Article 14 ordinary shareholders who individually or jointly hold more than 3% of the company’s shares (including preferred shareholders whose voting rights have been restored) may put forward interim proposals and submit them to the convener in writing 10 days before the shareholders’ meeting. The convener shall issue a supplementary notice of the general meeting of shareholders within 2 days after receiving the proposal and announce the contents of the interim proposal. In addition to the provisions of the preceding paragraph, the convener shall not modify the proposals listed in the notice of the general meeting of shareholders or add new proposals after issuing the notice of the general meeting of shareholders.
For proposals that are not listed in the notice of the general meeting of shareholders or do not comply with the provisions of Article 13 of these rules of procedure, the general meeting of shareholders shall not vote and make resolutions.
Article 15 the convener shall notify all ordinary shareholders (including preferred shareholders whose voting rights have been restored) in the form of announcement 20 days before the annual general meeting of shareholders, and the extraordinary general meeting of shareholders shall notify all ordinary shareholders (including preferred shareholders whose voting rights have been restored) in the form of announcement 15 days before the meeting.

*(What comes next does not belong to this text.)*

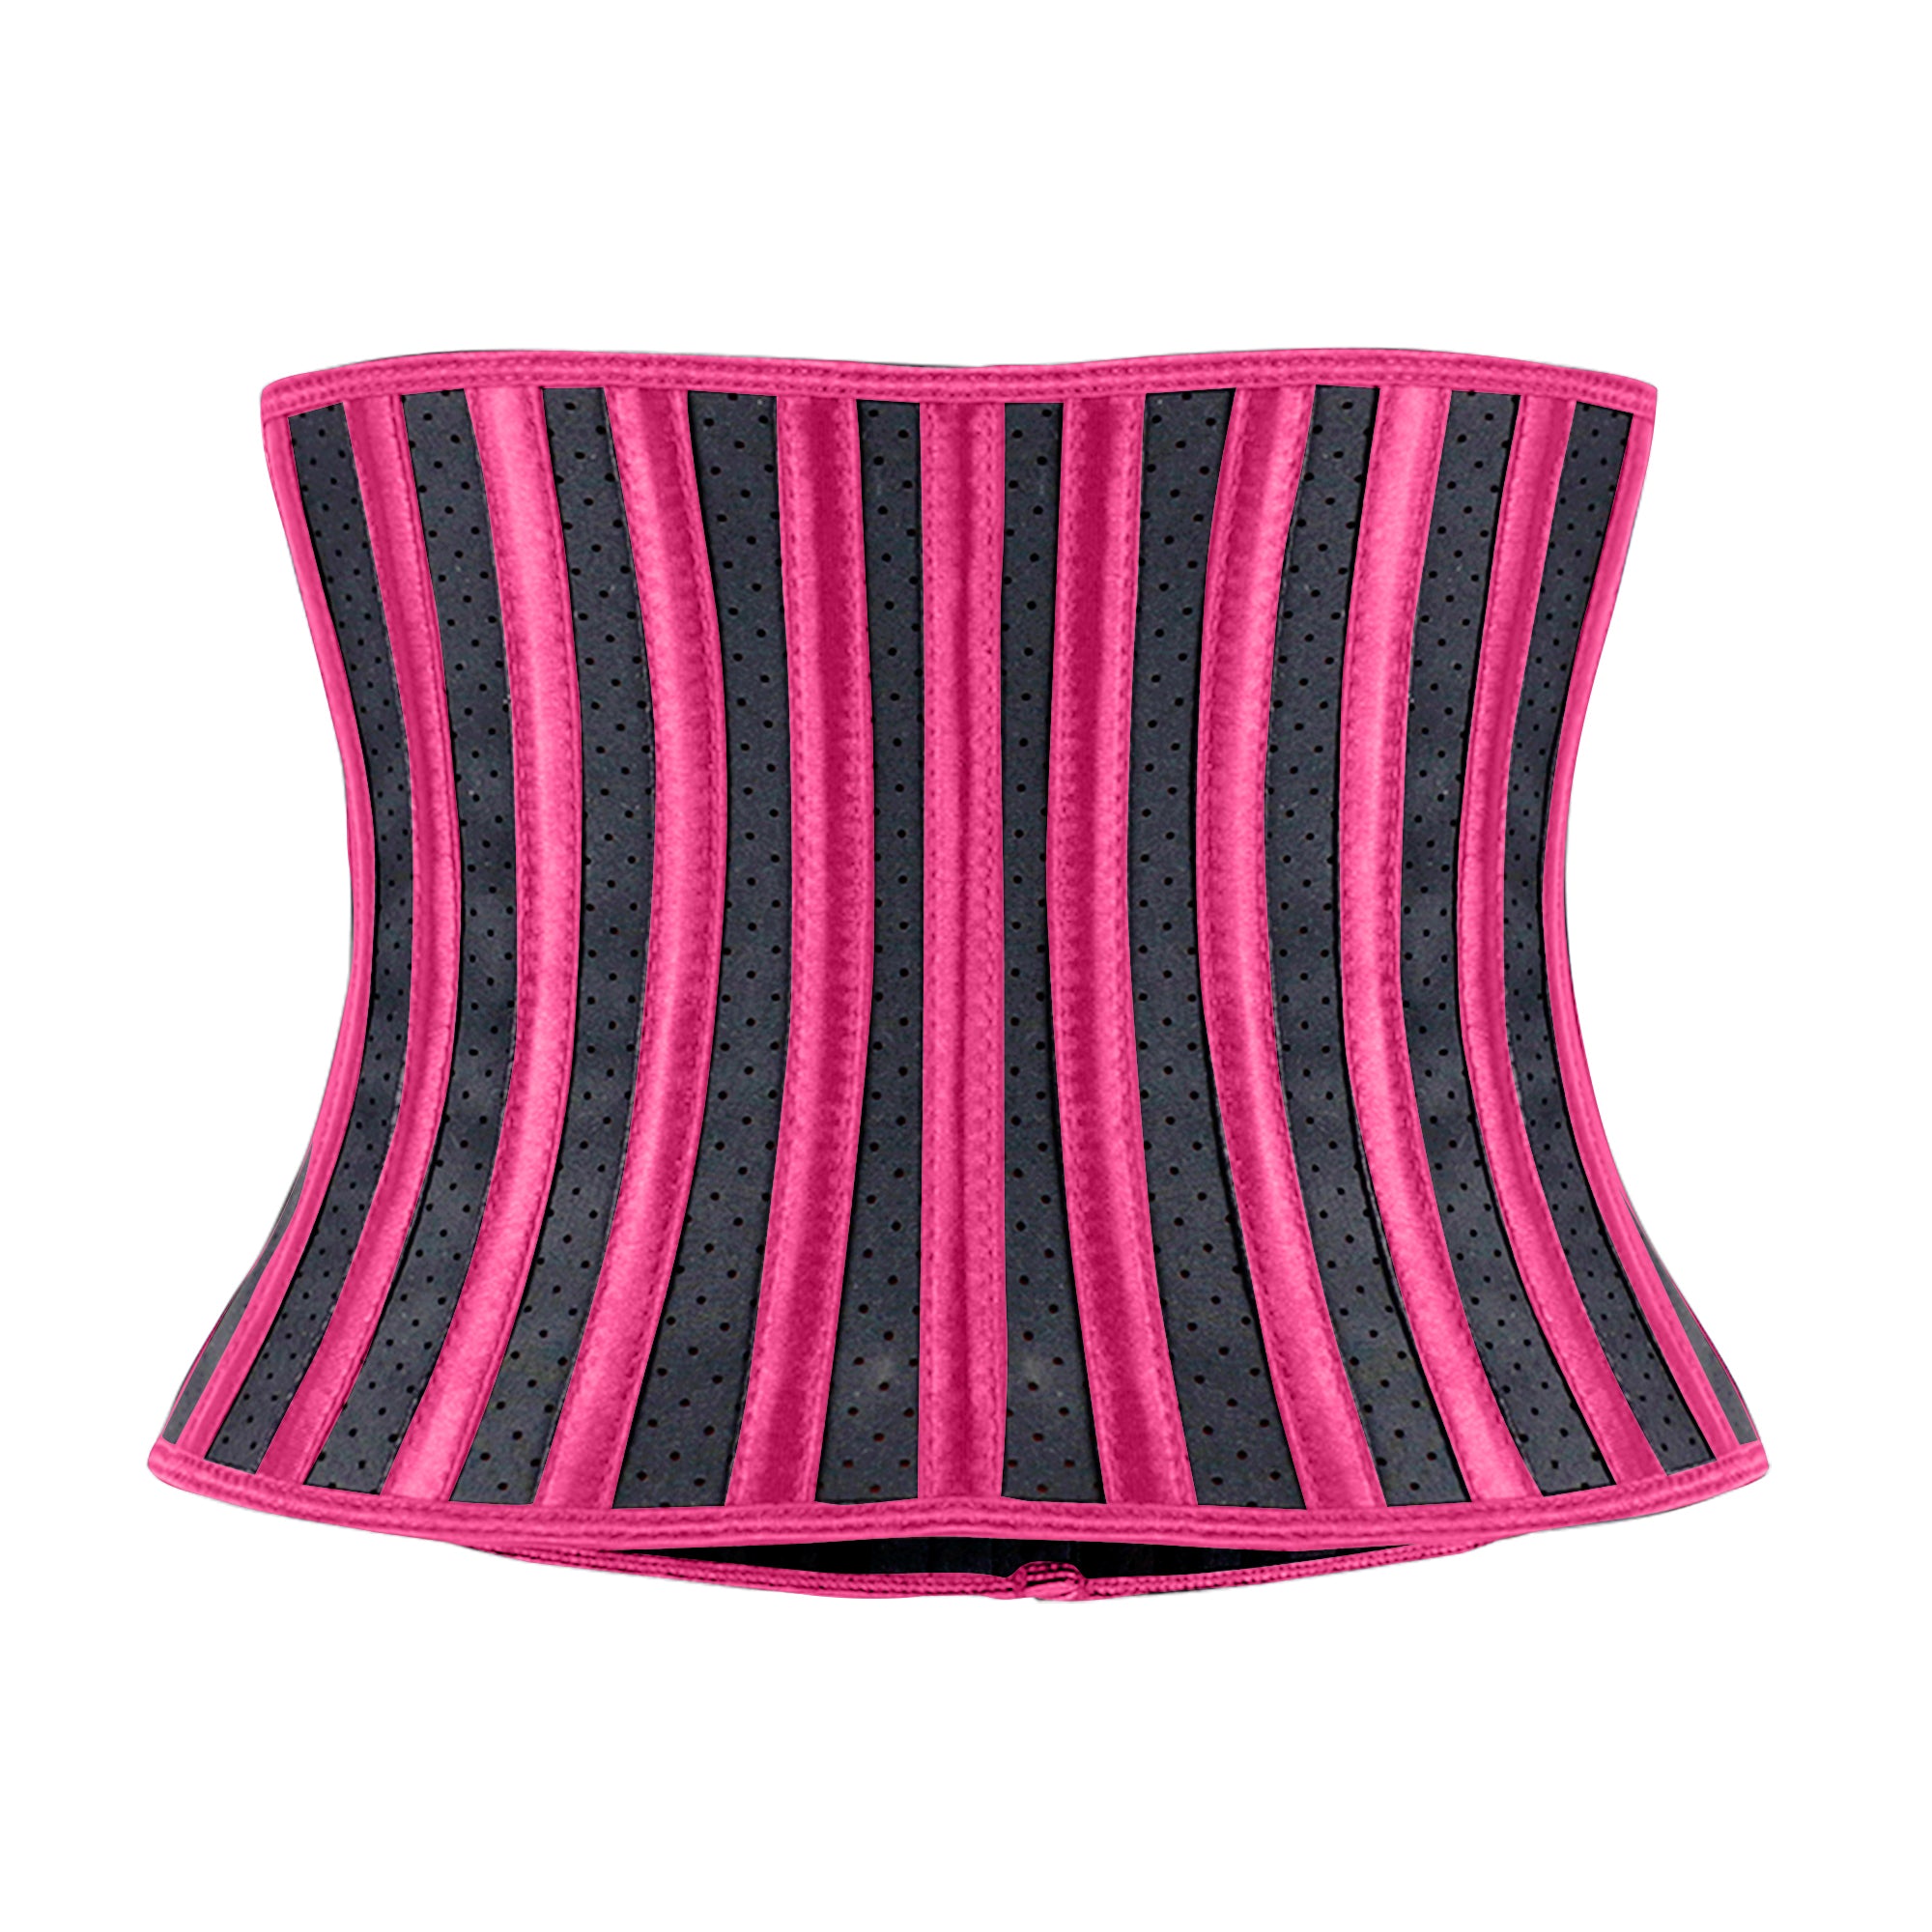 Maskateer - Collection LITE A waist trainer that feels like

Article 16 the notice and supplementary notice of the general meeting of shareholders shall fully and completely disclose the specific contents of all proposals and all materials or explanations required to enable shareholders to make reasonable judgment on the matters to be discussed. If the matters to be discussed need the opinions of independent directors, the opinions and reasons of independent directors shall be disclosed at the same time when the notice or supplementary notice of the general meeting of shareholders is issued.
Article 17 Where the general meeting of shareholders intends to discuss the election of directors and supervisors, the notice of the general meeting of shareholders shall fully disclose the detailed information of the candidates for directors and supervisors, including at least the following contents:
(I) education background, work experience, part-time job and other personal information;
(II) whether there is any relationship with the company or its controlling shareholders and actual controllers;
(III) disclose the number of shares held by the company;
(IV) whether they have been punished by the CSRC and other relevant departments and the stock exchange.
In addition to adopting the cumulative voting system to elect directors and supervisors, each candidate for directors and supervisors shall be proposed in a single proposal.
Article 18 the notice of the shareholders’ meeting shall specify the time and place of the meeting and determine the date of equity registration. The interval between the date of equity registration and the date of the meeting shall not be more than 7 working days. Once the equity registration date is confirmed, it shall not be changed.
Article 19 after the notice of the general meeting of shareholders is issued, the general meeting of shareholders shall not be postponed or cancelled without justified reasons, and the proposals listed in the notice of the general meeting of shareholders shall not be cancelled. In case of delay or cancellation, it shall be reported to the China Securities Regulatory Commission (hereinafter referred to as the “CSRC”) where the company is located, and the convener shall make an announcement and explain the reasons at least 2 working days before the originally scheduled date.
If the shareholders’ meeting is postponed, the equity registration date shall still be the date determined in the notice of the original shareholders’ meeting and shall not be changed, and the on-site meeting date after the postponement shall still comply with the provisions that the interval between the equity registration date and the equity registration date shall not be more than seven working days.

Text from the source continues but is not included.